> Provided data:
#####

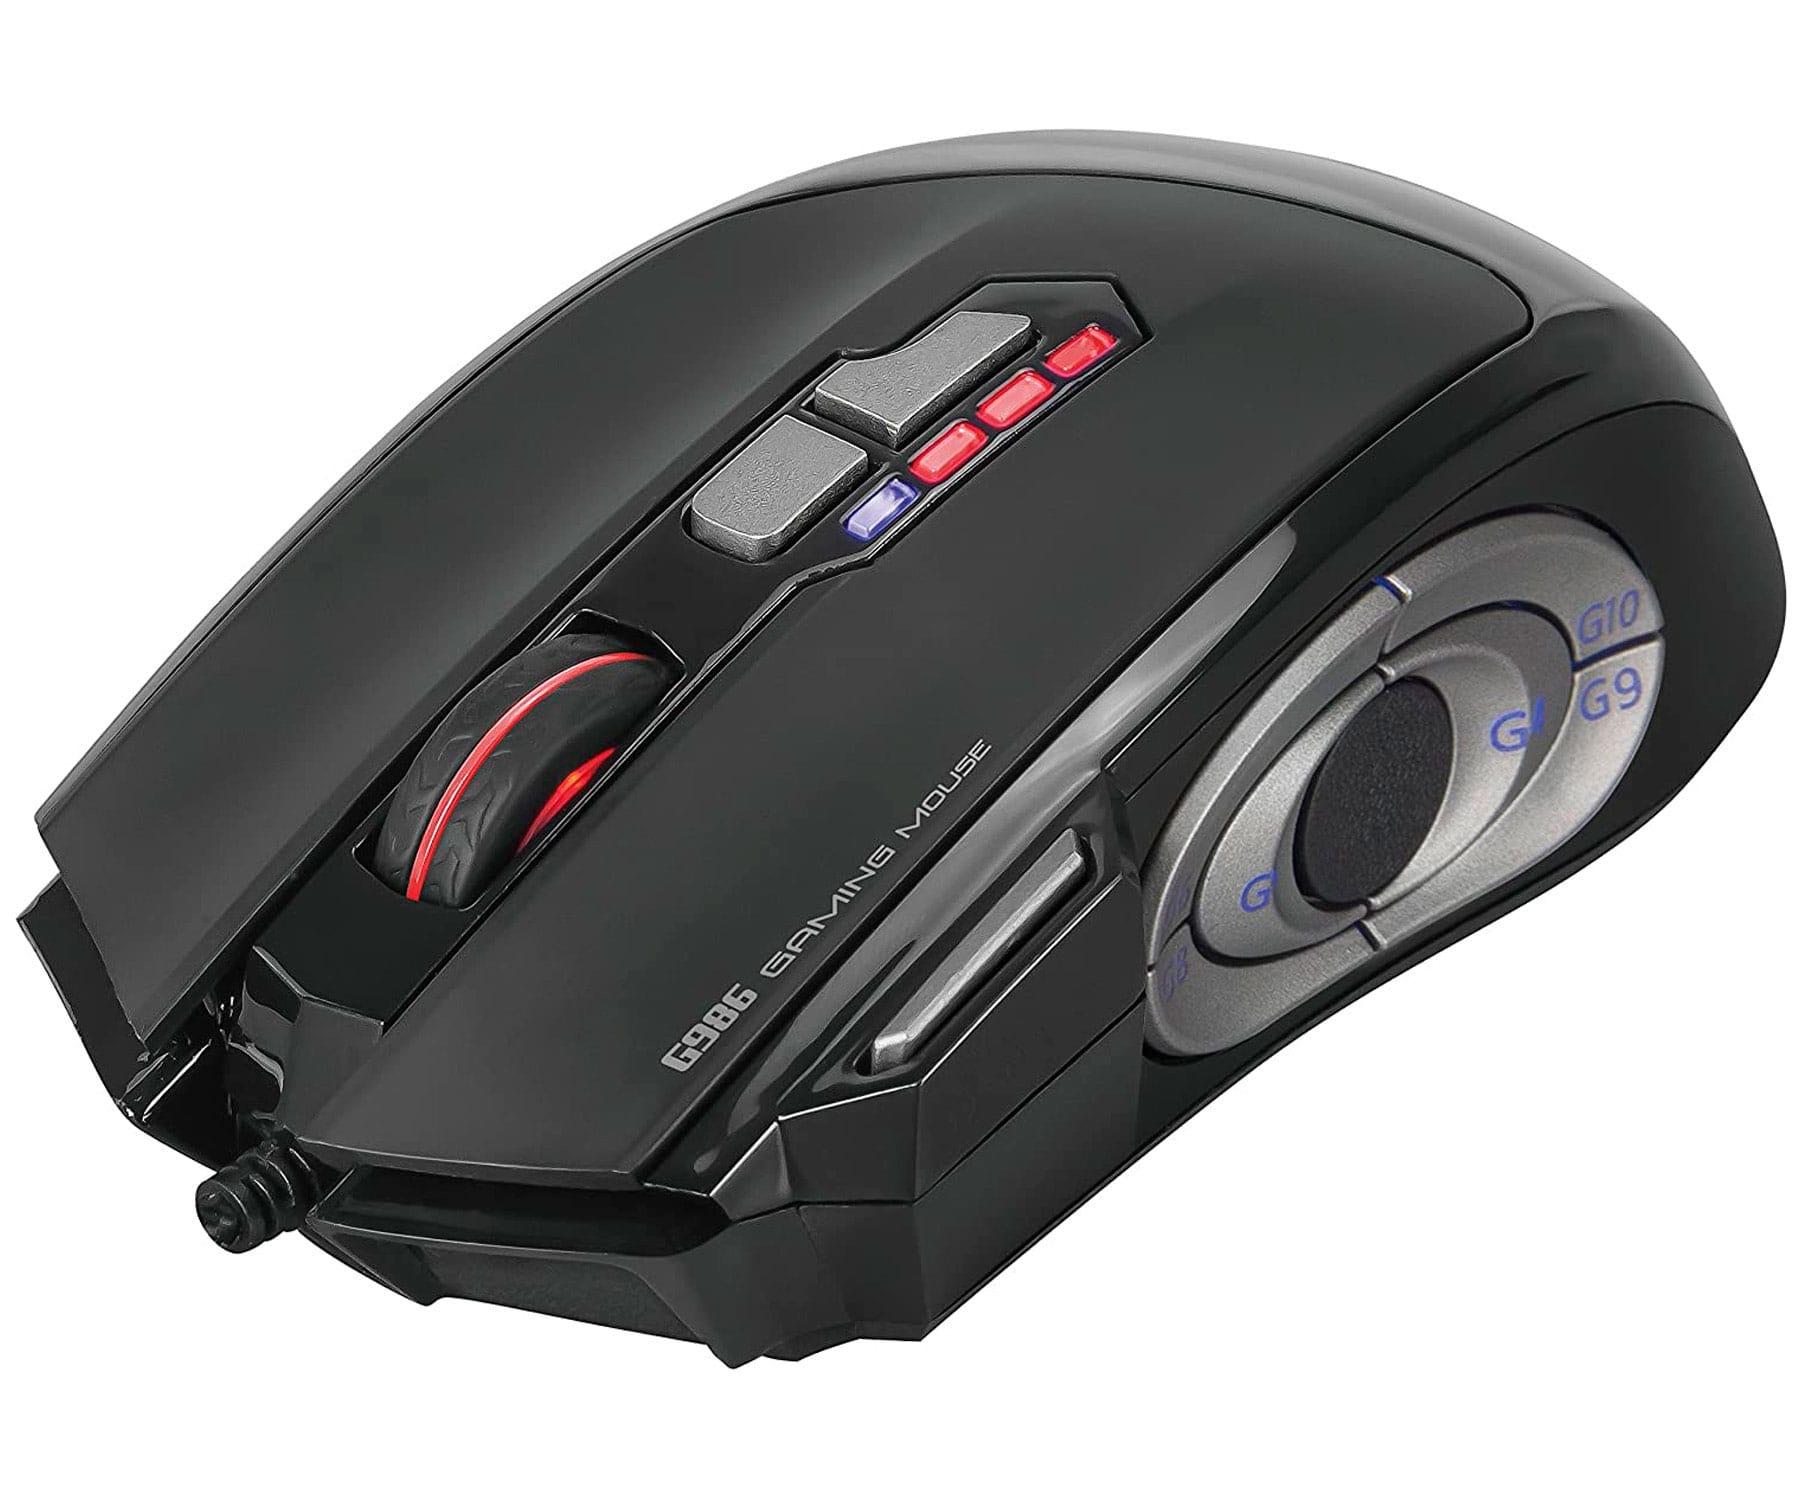 SCORPION G986 NEGRO RATÓN GAMING LED RGB USB 12 BOTONES 8000 DPI
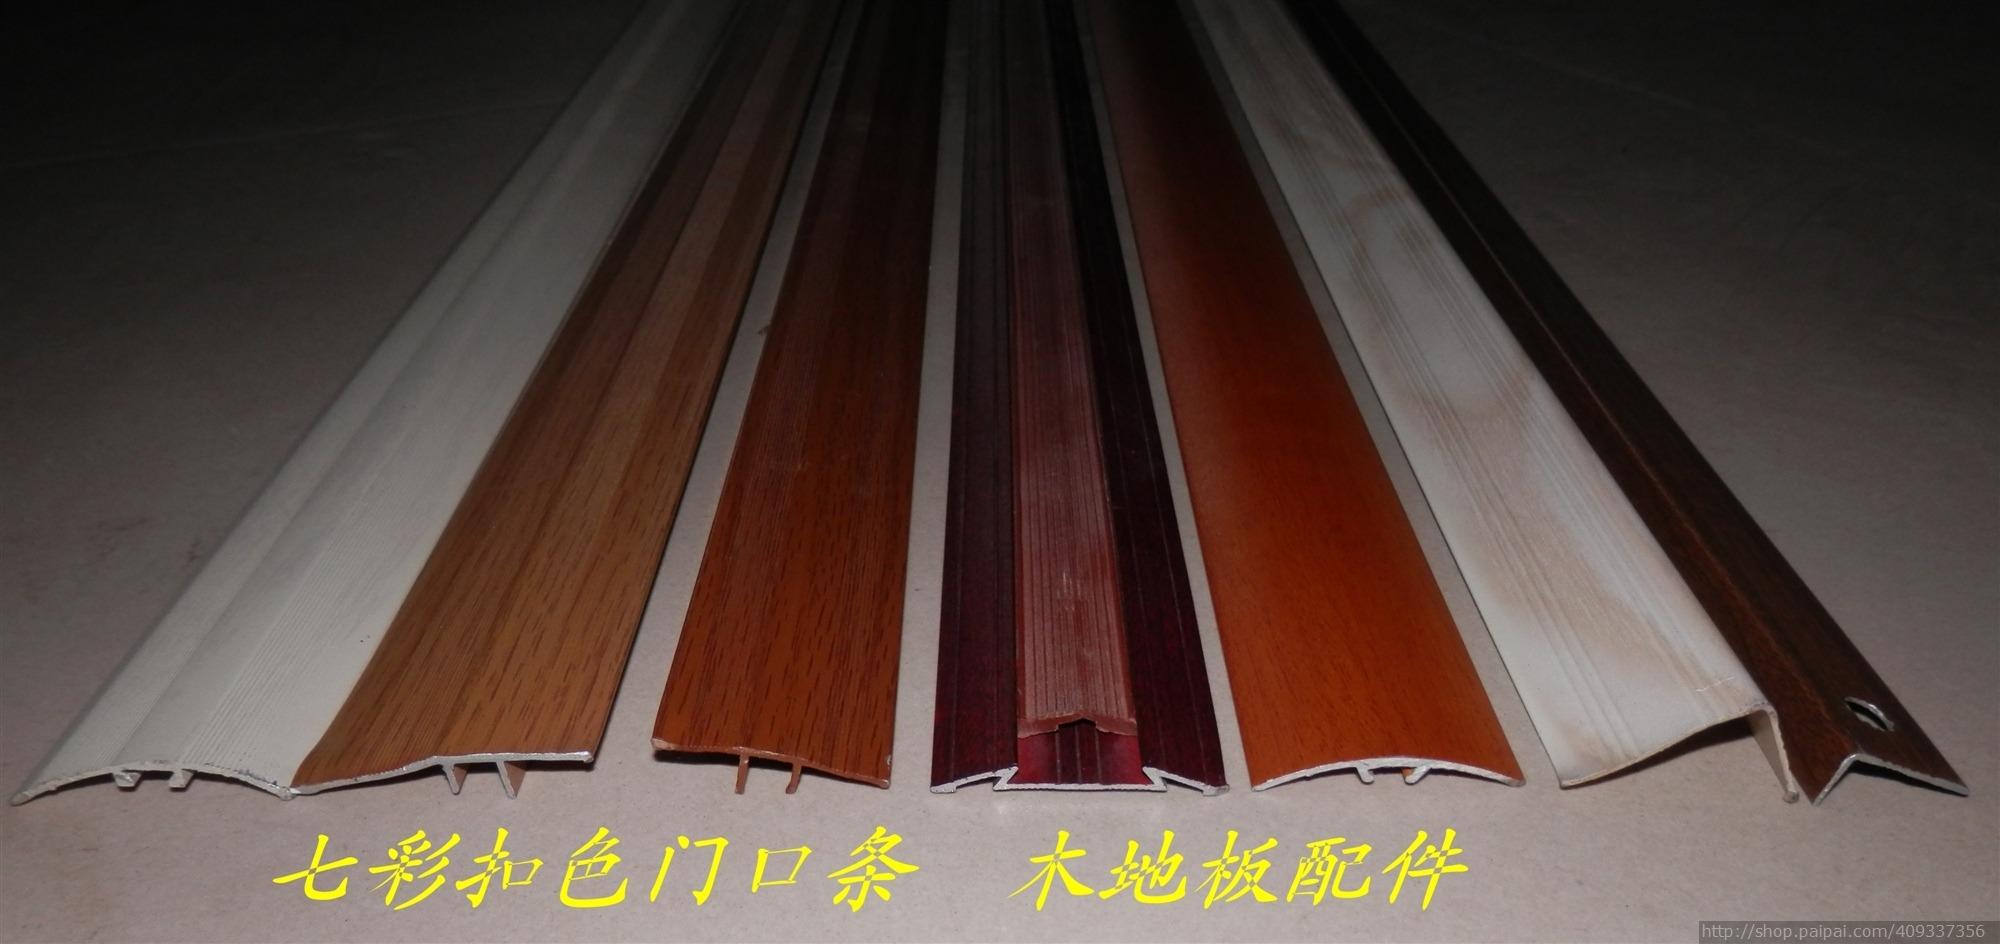 七彩色新款直角金属门口条木地板单元连接条家装安装主材实用美观
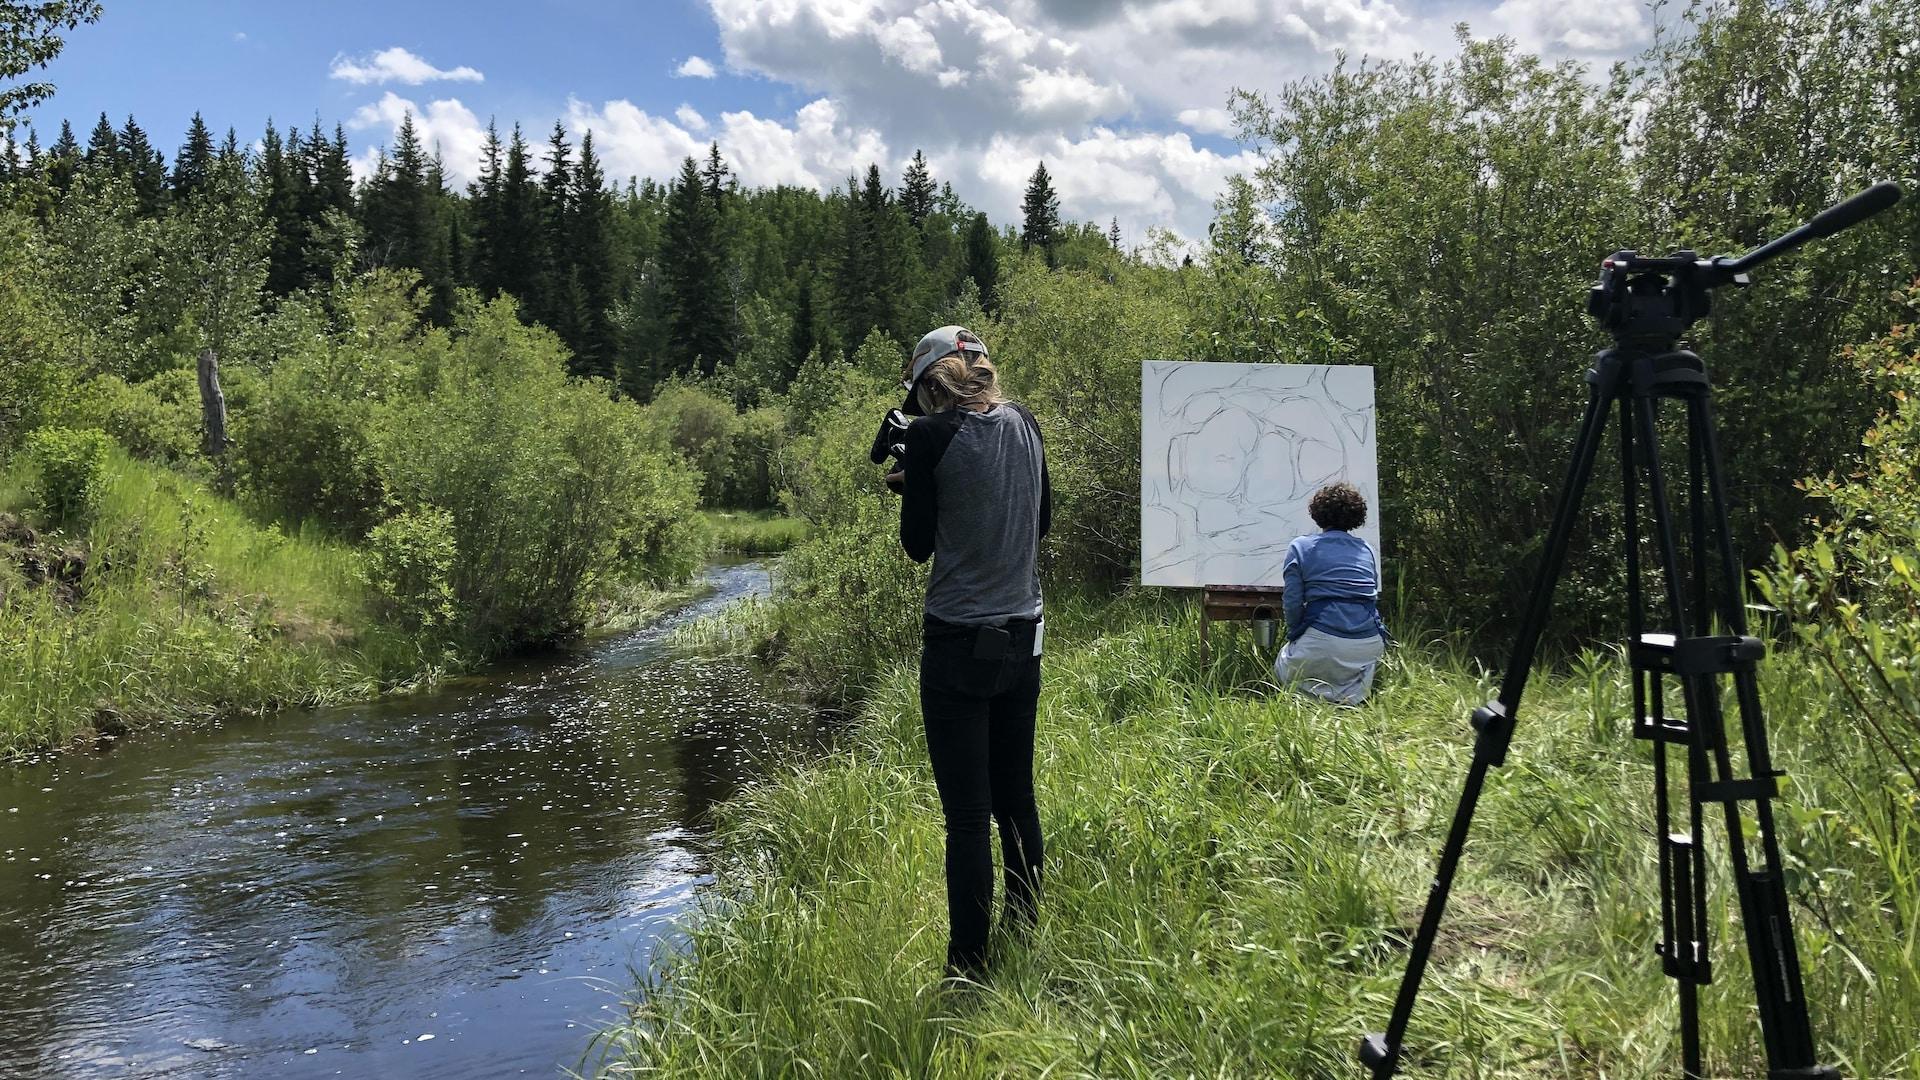 Une femme filme Patricia Lortie dans une forêt en train de peindre une toile déposée sur un chevalet, près d'une rivière.
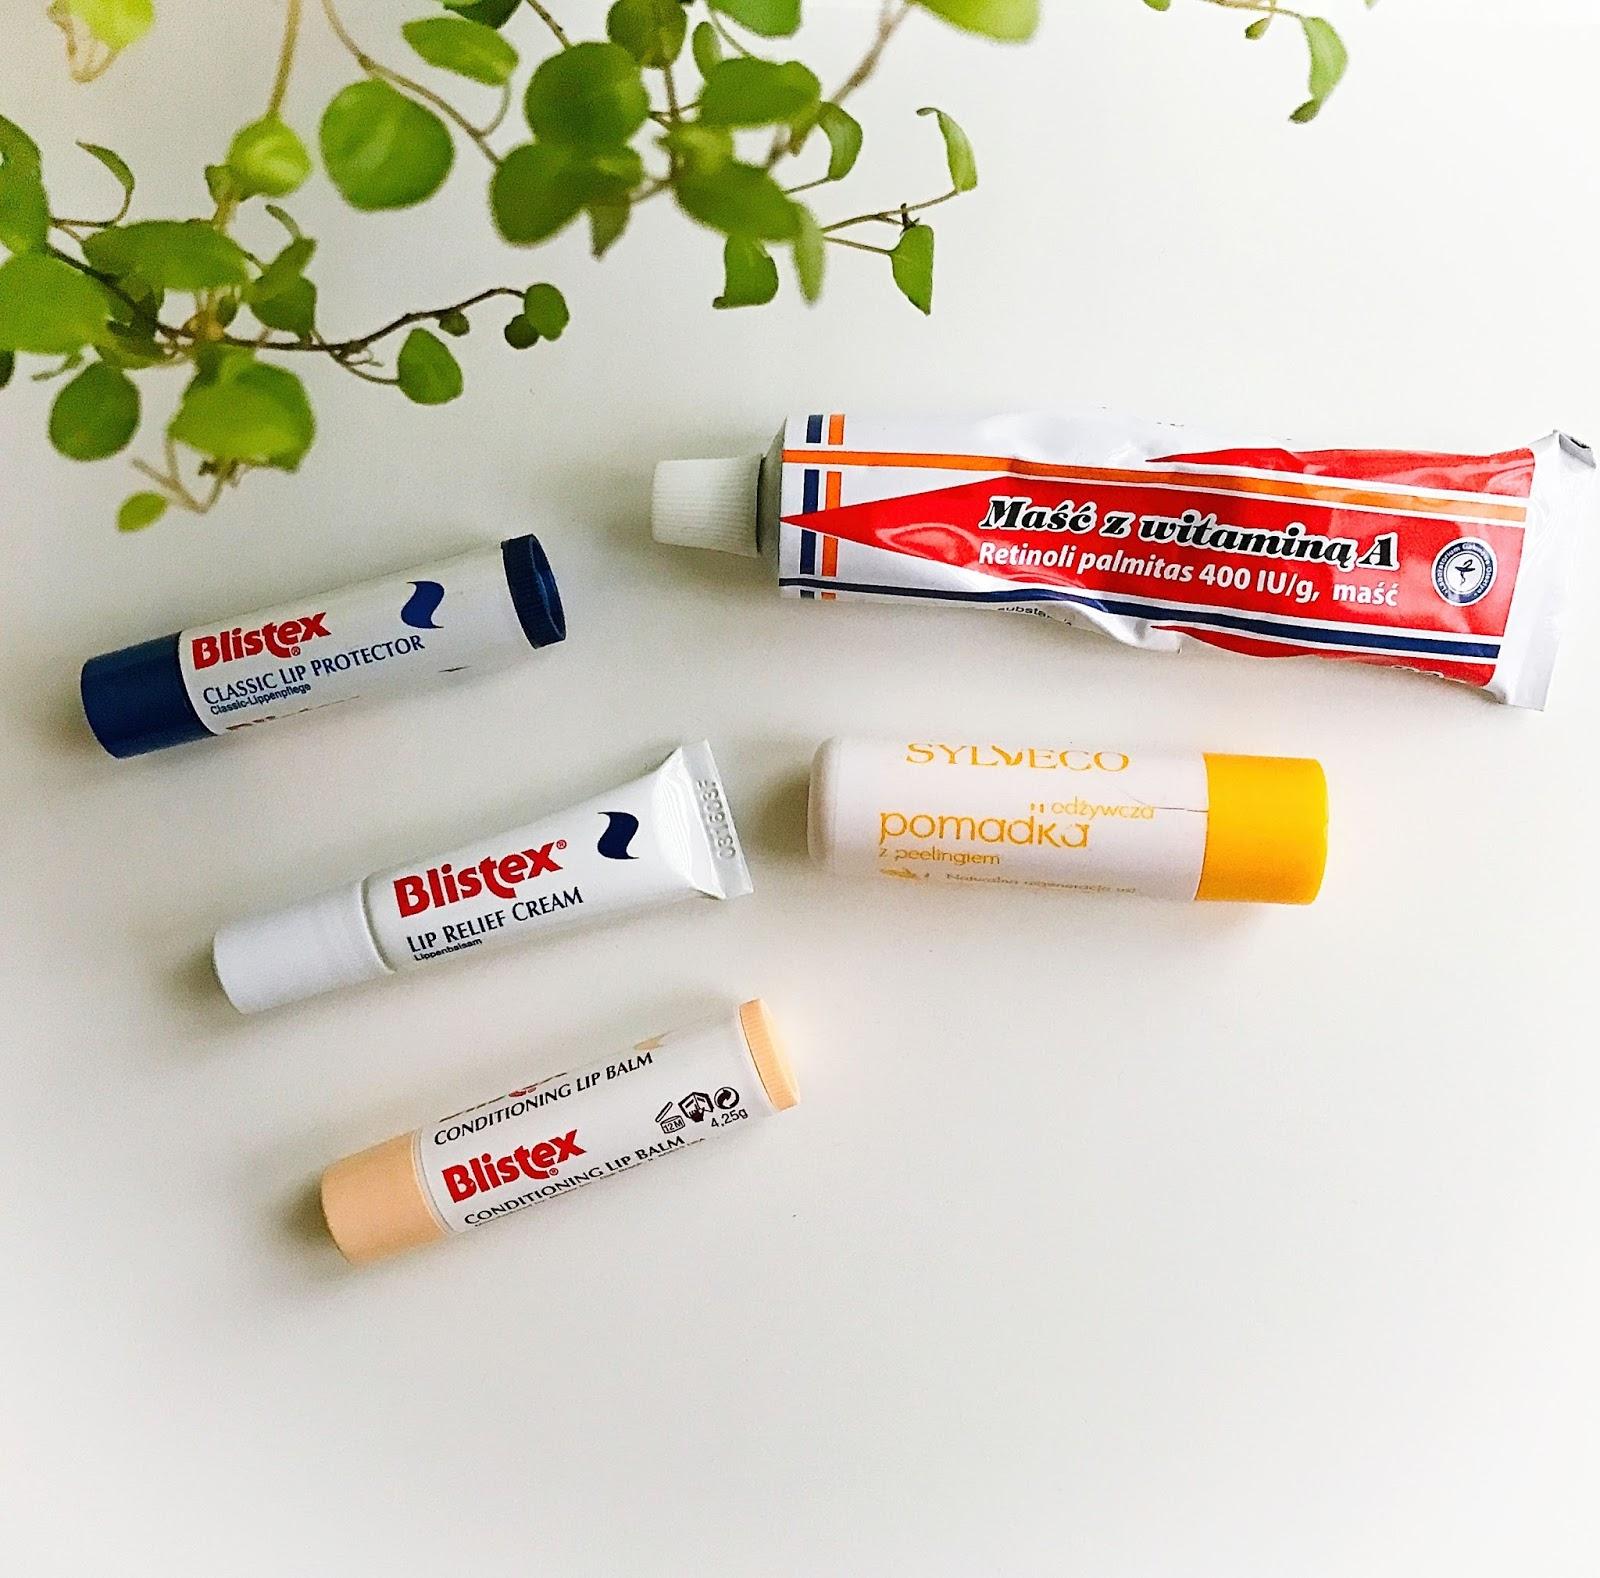 Produkty pielęgnacyjne do wrażliwych ust, Blistex Intensive Lip Relief, Blistex Classic, Blistex Daily Lip Care Conditioner, Maść z witaminą A, Odżywcza pomadka z peelingiem Sylveco,

#####

> Work instructions: Repeat the listing above exactly, omitting the pictures it contains.

> Finished exercise:
 SCORPION G986 NEGRO RATÓN GAMING LED RGB USB 12 BOTONES 8000 DPI
 七彩色新款直角金属门口条木地板单元连接条家装安装主材实用美观
 Une femme filme Patricia Lortie dans une forêt en train de peindre une toile déposée sur un chevalet, près d'une rivière.
 Produkty pielęgnacyjne do wrażliwych ust, Blistex Intensive Lip Relief, Blistex Classic, Blistex Daily Lip Care Conditioner, Maść z witaminą A, Odżywcza pomadka z peelingiem Sylveco,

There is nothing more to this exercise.